Ademais, Côrtes-Rodrigues, senhor da «severa verdade», escreve que “[a] vida é uma missão nobilíssima que nos cumpre realizar no aranhado limite da nossa existência. Conhecer, amar e servir a Deus eis todo o segredo da humana missão”, mas tal só é possível caso o homem mergulhe na pureza da sua existência mundano-divina. Para tal, o espaço citadino, buliçoso e tentador, não será adequado. Na tranquilidade dos espaços rurais, ao homem, no encontro com a Natureza, suprema criação divina, será facultado o dom da visão. Precisamente por esse motivo questiona: “Como queres conhecer a Deus se és o primeiro a cegar a tua inteligência pelo desvairo do teu orgulho e da tua vaidade?”. Porém, as interrogações retóricas, artifícios perfeitos para atrair o público, intensificam-se quando, continua o discurso, questionando: “Como conhecer a Deus se o negas? E se o não negas pelas tuas palavras, porque o negas pelos teus actos? Porque aquele que diz que crêm em Deus e vive como se Ele não existisse, mente duplamente”. Côrtes-Rodrigues e o seu séquito de pseudónimos revelam por fim que

[n]inguém pode amar sem conhecer. Só quem conhece a Deus o pode amar. Ai de ti que tiveste tempo para estudar todas as literaturas, todas as sciencias, todas as artes, todas as filosofias, para praticares todas as loucuras e para gastares na indiferença as tuas melhores horas e que nunca tiveste um momento tranquilo na tua existência para leres o Evangelho e estudares o Catecismo.

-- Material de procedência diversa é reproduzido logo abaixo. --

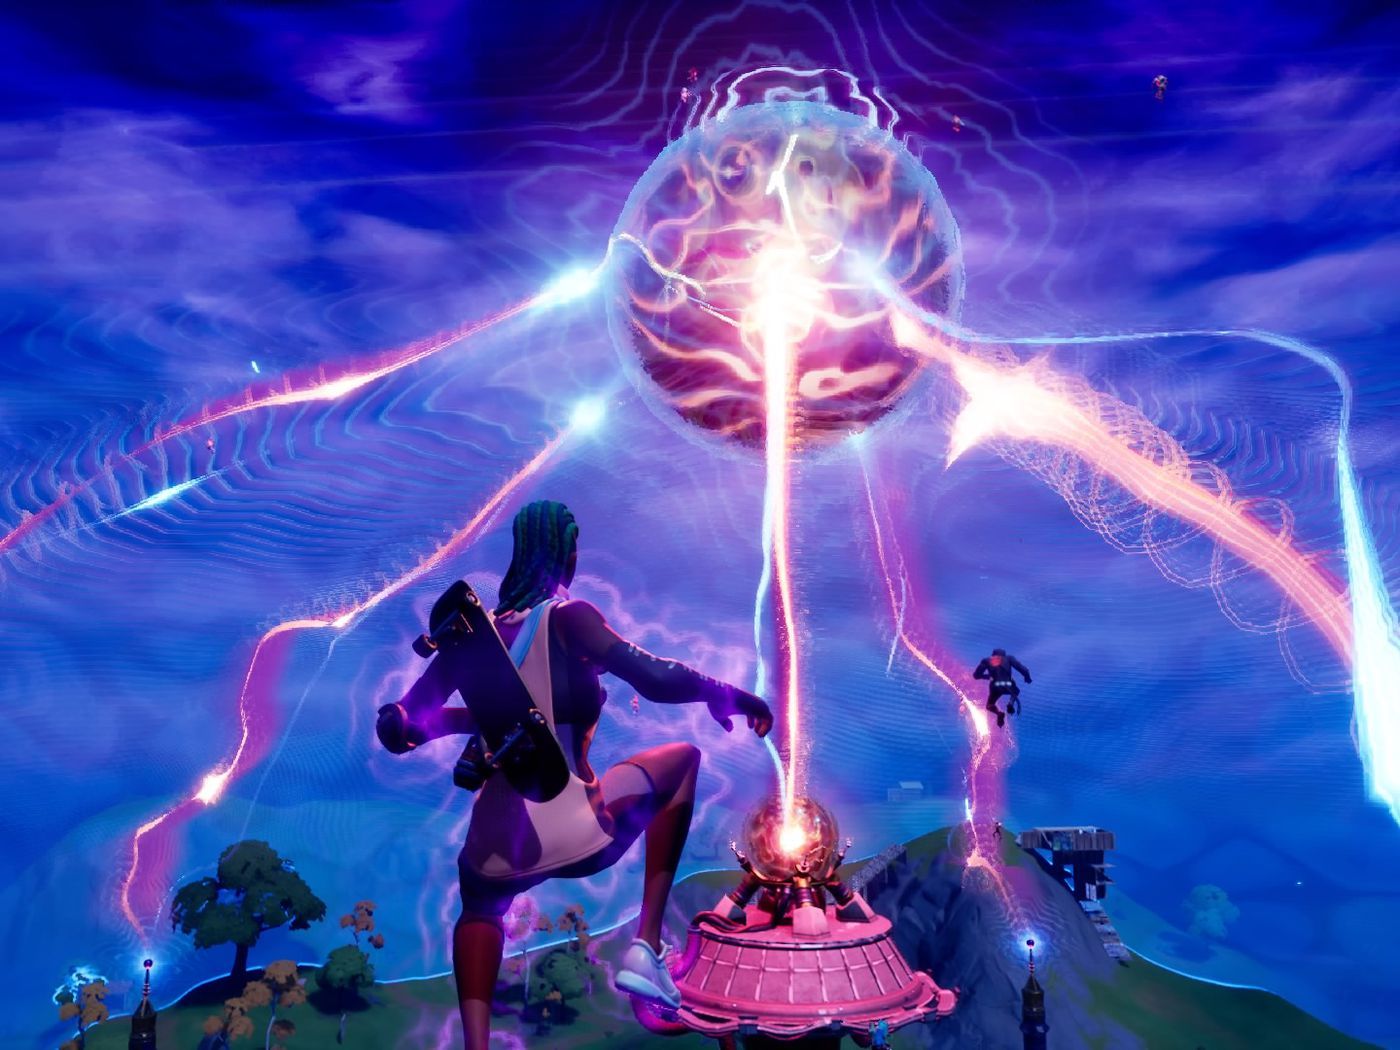 Fortnite's 'device' event blew up The Agency and turned the storm

Parece-nos ser visível uma preferência pelo ambiente campestre, tranquilo, bucólico, nos diversos registos escritos de Armando Côrtes-Rodrigues, uma tentativa de reconhecer a importância essencial do campo na purificação da alma. A perspetiva recordar-nos-á os textos poéticos de um Cesário Verde extremista, apaixonado pelo sussurro tranquilo e reconfortante do mundo campestre, ocasionalmente dividido entre a vida na cidade e o apego reconhecido ao espaço campesino, mas sem que lhe falte o olhar atento. No número 198 do A Actualidade, na rubrica “Apontamentos dum Estudante”, X, um dos seus criptónimos, refere que “Vamos em progresso […]” e logo apresenta as consequências: “Como transformaram num século, este povo de Lisbôa. Crente, disciplinado […] ahi o temos, agora, malcriado, revolucionário, grevista, bombista, ingovernável. Está fazendo tirocínio para a ditadura do proletariado”(A Actualidade, n. 198:2). As várzeas e os montes, as pastagens e as searas são os espaços privilegiados, espaços que ele desnuda e é

por demais [re]conhecida a riqueza artística do seu verbo, em prosa ou em verso, sempre impregnado de um lirismo traduzido em páginas de amor à terra, ao povo e seus costumes, à simplicidade rural, à Natureza. Na sua escrita convivem harmoniosamente os ruídos campestres, o chilrear dos pássaros, o murmúrio das águas, a rusticidade das vozes humanas, o guincho dos carros de bois, todos fundidos num hino de louvor ao Criador.